April 19, 2019

A comment about the exam

Questions are based on published papers

There is a new book from the same author

It is about epidemiology

The same models are used for real diseases

  • Ebola
  • Zika
  • Epidemics
  • Parasites
    • in Plants
    • in Humans

Question 3.1

N <- 28*24
movie <- horror_movie(N, human_ini=2, dead_ini=1,
    zombie_ini=0, attack_rate = 5e-3, kill_rate=1e-3,
    voodoo_rate=1e-2)

Given the initial conditions and the rates, we can predict what will happen

Question 3.2

Please make a vector called rate_of_kill with one hundred values between 1e-3 and 1e-1.

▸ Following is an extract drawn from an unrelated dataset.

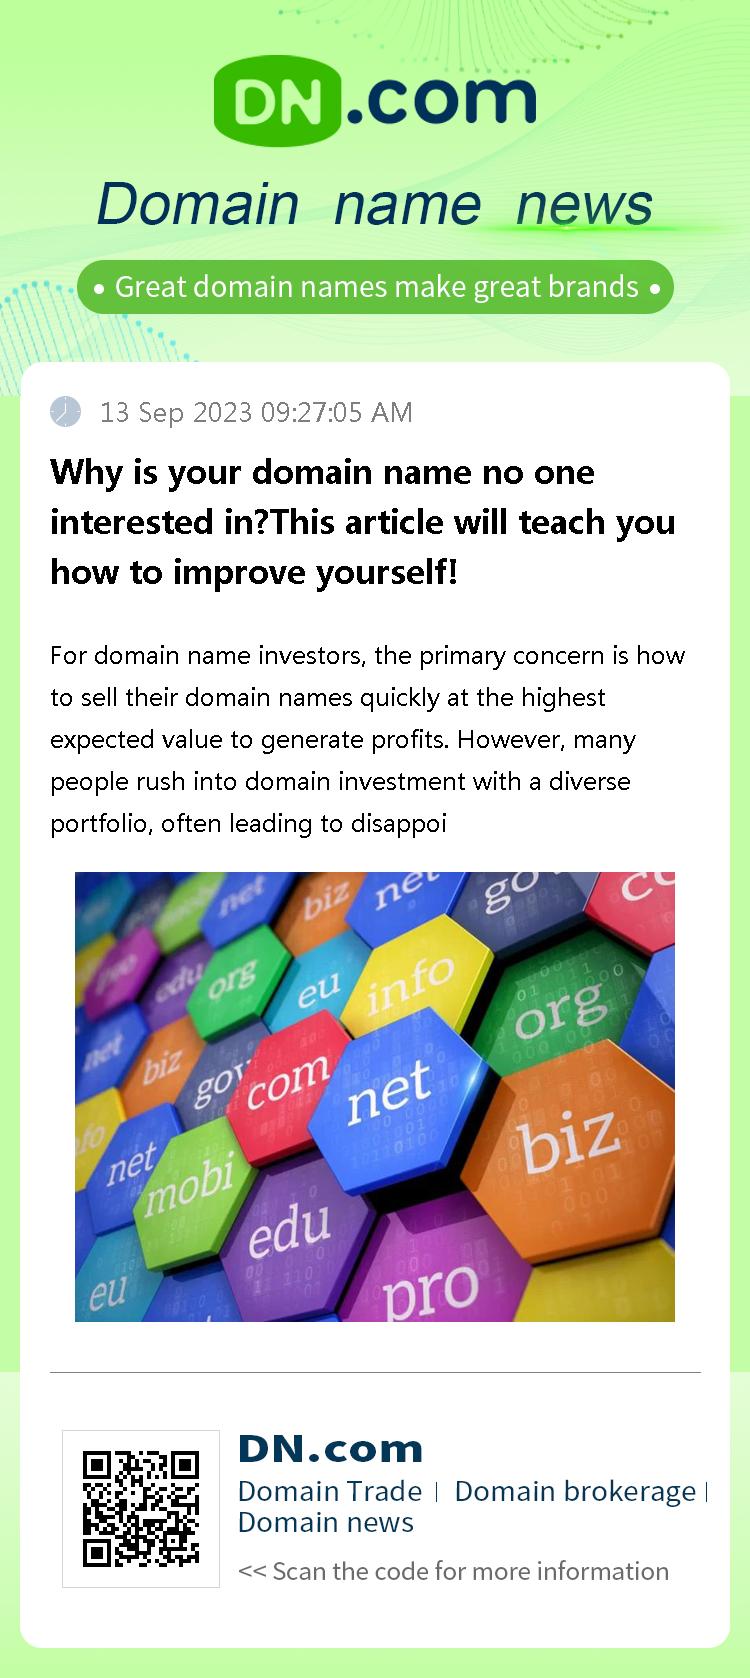 Why is your domain name no one interested in?This article will teach you how to improve yourself!

Then create two empty vectors called final_human and final_zombie with the same length of rate_of_kill.

For each value in rate_of_kill simulate the horror_movie system with the same initial values, attack rate and voodoo rate, and changing kill_rate for the corresponding value in rate_of_kill. Store the value of human at the last hour of each simulation in the vector final_human. Do the same with the last value of zombie, storing it into final_zombie.

Answer to Question 3.2

rate_of_kill <- seq(1e-3, 1e-1, length.out = 100)
final_human <- rep(NA, length(rate_of_kill))
final_zombie <- rep(NA, length(rate_of_kill))
for(i in 1:length(rate_of_kill)) {
    movie <- horror_movie(N, human_ini=2, dead_ini=1,
        zombie_ini=0, attack_rate = 5e-3, 
        kill_rate=rate_of_kill[i], voodoo_rate=1e-2)
    final_human[i] <- movie$human[N]
    final_zombie[i] <- movie$zombie[N]
}

Result

rate_of_kill <- seq(1e-3, 1e-1, length.out = 100)
human_ini=2, dead_ini=1, zombie_ini=0,
attack_rate = 5e-3, voodoo_rate=1e-2

We can predict changes in output when there are changes in input

Consider the water formation system

We can predict how much water we will have

mix <- water_formation(N=200, r1_rate=0.01, r2_rate=0.01,
     H_ini=2, O_ini=1, W_ini=0)
plot(Water~Step, data=mix, ylim=c(0, 1), type="l")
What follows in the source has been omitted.